ONEWS.ID-PALEMBANG(SUM-SEL)-DPC Peradi Palembang mengutus Advokat Dodi IK untuk mengikuti Bimtek Hukum Acara Penyelesaian Perkara Perselisihan Hasil Pemilihan Umum Tahun 2019. Dodi yang merupakan putra asli Musi Banyuasin (Muba), Sumsel, yang selama ini dikenal sebagai pengacara dengan spesialisasi Pra-Peradilan ini mengikuti Bimtek Bagi Advokat Angkatan IV di Pusdik Pancasila & Konstitusi MK RI di Cisarua Bogor selama 3 hari mulai dari Senin 18 sampai 20 Maret 2019.
” Ya memang benar saya diutus DPC Peradi Palembang dalam rangka Bimtek Teknis Hukum Acara PPPHPU Tahun 2019 di Mess Pusdik MK di Cisarua Bogor. Tolong doa nya semoga Bimtek ini menambah ilmu yang bermanfaat untuk kita semua khususnya dalam penanganan perkara perselisihan pemilu” kata Dodi, kepada prioritas.co.id melalui akun whatsapp nya, Sabtu (23/3/2019).

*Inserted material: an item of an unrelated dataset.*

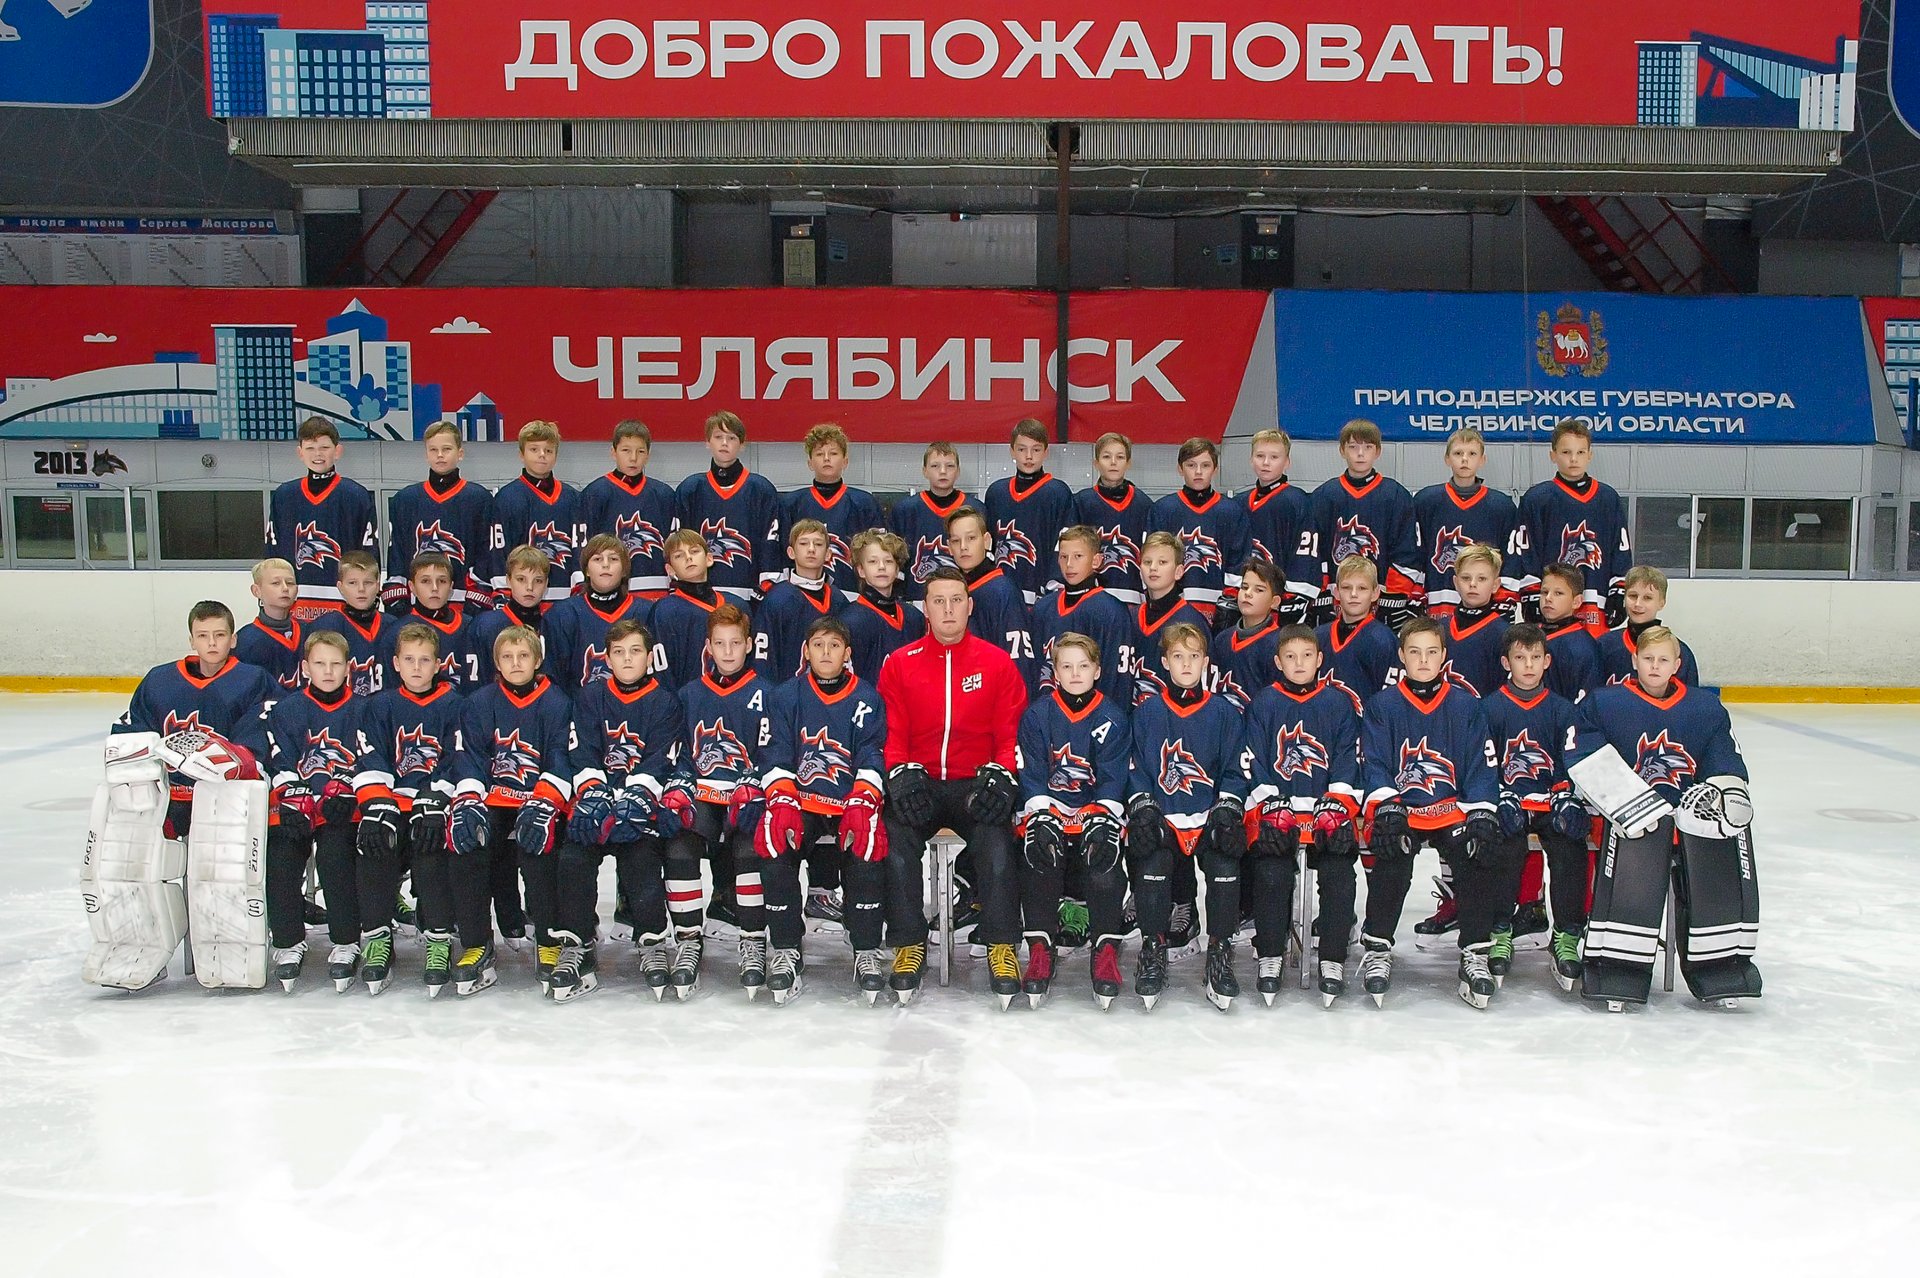 Хоккей мхл 2023 россия. Челябинск 2011 год. Хоккейная команда молодцы картинка.

Diutusnya Dodi oleh DPN Peradi Palembang sehubungan dengan undangan Mahkamah Konstitusi RI kepada DPN Peradi dalam Rangka Bimbingan Teknis Hukum Acara Penyelesaian Perkara Perselisihan Hasil Pemilihan Umum Tahun 2019.
Bintek tersebut ditujukan Bagi Advokat Angkatan IV di Pusdik Pancasila & Konstitusi MK RI di Cisarua Bogor selama 3 hari dimulai 18 sampai 20 Maret 2019. Kemudian dilanjutkan Bimtek Utusan Parpol mulai dari 21-23 Maret 2019.
Menindaklanjuti Surat DPN Peradi bahwa DPC Peradi Palembang mengutus Advokat Dodi IK untuk mengikuti Bimtek tersebut.
Wakil Ketua yang sekaligus Plt. Ketua Peradi Palembang H. Alex Noven, SH.,MH dan Sekretaris DPC Peradi Palembang H. Anton Nurdin,SH. Merekomendasi dan memberikan surat tugas kepada Advokat Dodi IK untuk mengikuti Bimtek tersebut.
Dodi menerangkan, Kepala Pusat Pendidikan Pancasila & Konstitusi Kurniasih Panti Rahayu, S.E.,M.A. dalam kata sambutannya menyampaikan, ini merupakan Bimtek ke IV bagi Advokat, yang diikuti Peserta sebanyak 160 Advokat.
Ketua Mahkamah Konstitusi Dr. Anwar Usman, SH.,MH membuka acara bimtek dan menyampaikan dalam sambutannya, mengatakan, harus diakui bahwa pemilu 2019 adalah pemilu yang paling sulit, paling susah, menguras tenaga.
“Yang terpilih jadi Presiden dan wakil presiden sudah diketahui, namun kita saja yang belum tahu, sudah tercatat di Lauh Mahfuzh,” ujarnya.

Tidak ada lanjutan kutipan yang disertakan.